In typical scenarios observations have been 3-4x performance, and up to 20x faster in some synthetic tests.
At time of writing (pre- v0) no performance optimizations have been done. I expect performance to improve,
if at least marginally, in the future.
These benchmarks were run on Windows on an i9-10900K with rustc 1.83.0 (90b35a623 2024-11-26). This table won't be updated unless significant changes happen.
| big (25MB) | 580.31 ms | 3.0861 s | 150.39 ms |
| medium-ascii (5MB) | 199.88 ms | 706.94 ms | 59.008 ms |
| empty | 228.62 ns | 708.00 ns | 38.786 ns |
| arrays | 578.24 ns | 1.3228 µs | 100.95 ns |
| objects | 922.91 ns | 2.0748 µs | 205.75 ns |
| nested-array | 22.990 µs | 29.356 µs | 5.0483 µs |
| nested-objects | 50.659 µs | 132.75 µs | 14.755 µs |
| string | 421.17 ns | 3.5691 µs | 91.051 ns |
| number | 238.75 ns | 779.13 ns | 36.179 ns |
| deserialize (size 10) | 6.9898µs | 58.398µs | 886.33ns |
| deserialize (size 100) | 66.005µs | 830.79µs | 9.9705µs |
| deserialize (size 1000) | 599.39µs | 8.4952ms | 69.110µs |
| deserialize (size 10000) | 5.9841ms | 82.591ms | 734.40µs |
| deserialize (size 100000) | 66.841ms | 955.37ms | 11.638ms |
| deserialize (size 1000000) | 674.13ms | 9.5758s | 119.03ms |
| serialize (size 10) | 2.3496µs | 48.915µs | 891.85ns |
| serialize (size 100) | 19.602µs | 458.98µs | 6.7109µs |
| serialize (size 1000) | 194.19µs | 4.6035ms | 62.667µs |
| serialize (size 10000) | 2.2104ms | 47.253ms | 761.10µs |
| serialize (size 100000) | 24.418ms | 502.35ms | 11.410ms |
| serialize (size 1000000) | 245.26ms | 4.6211s | 115.84ms |
# Notes
## Status
This project is in **very** early phases. While the crate is usable right now, more thorough testing is needed to
ensure that the tokenizer/parser rejects invalid documents.

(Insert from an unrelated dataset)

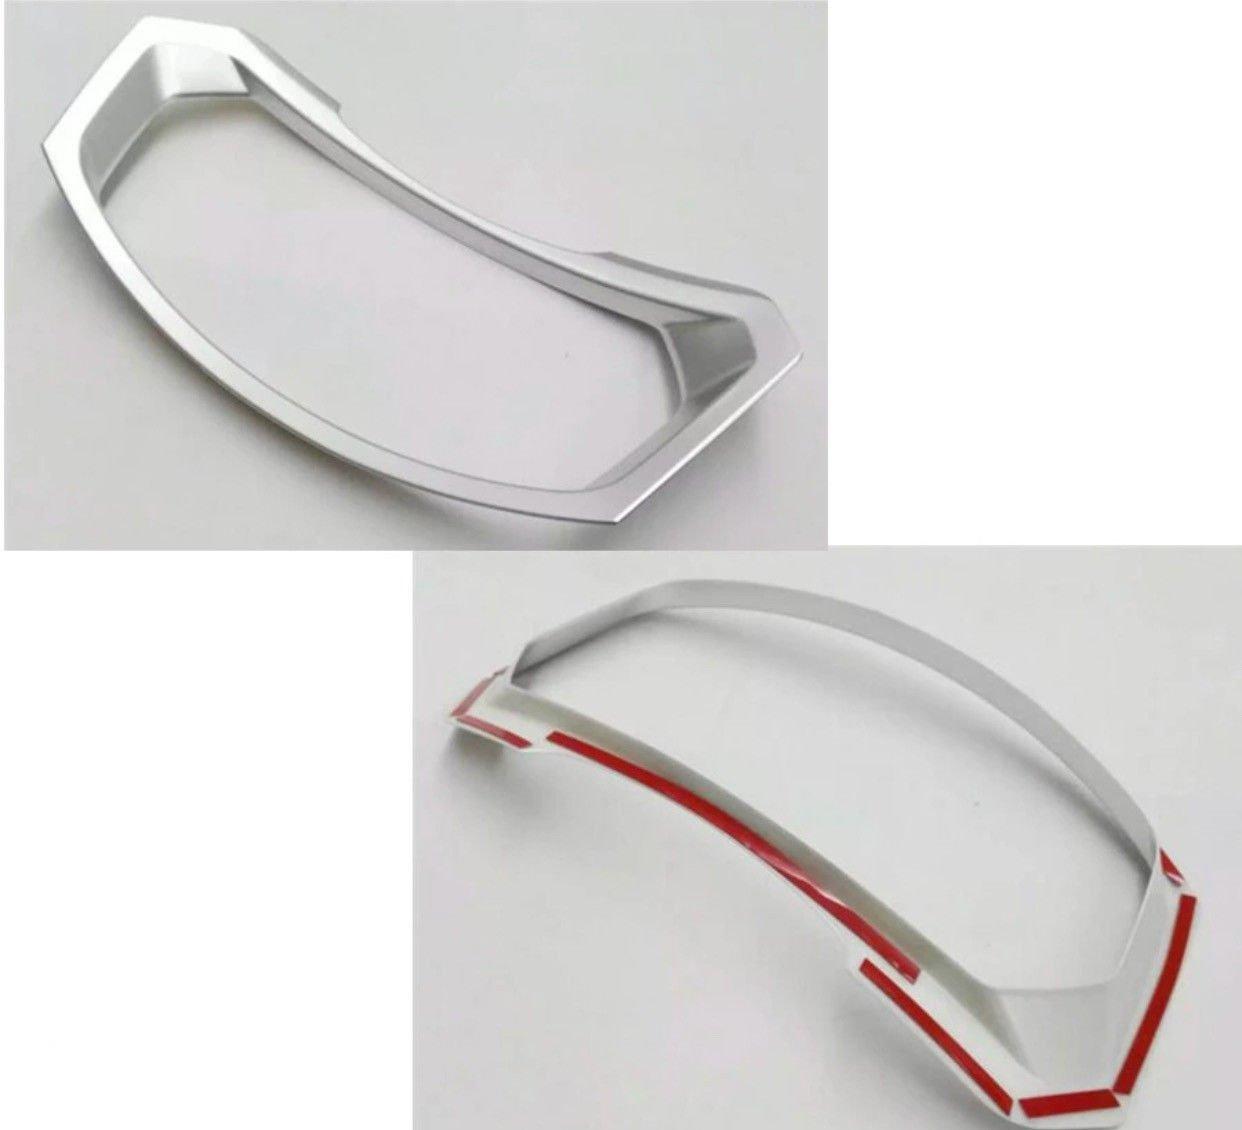 Emblem Trading Tacho Rahmen Mittelkonsole Armaturenbrett Verkleidung Abdeckung Rahmen ABS Kunststoff Optik Autozubeh/ör

Questions, discussions, and contributions are welcome. Right now, things are moving fast, so the best way to contribute
is likely to just [open an issue](https://github.com/spyoungtech/json-five-rs/issues).
Expect breaking changes for now, even in patch releases.
## Serde is optional
Using `serde` is actually optional. Some use cases may not require the use of serde's various deserialization methods
and may only need to rely on the tokenizer and/or AST tree features. By default, the serde feature is enabled,
but this can be disabled. Even without the `serde` feature, the parser modules provide functions and methods for
parsing and serialization, including the ability to customize the style.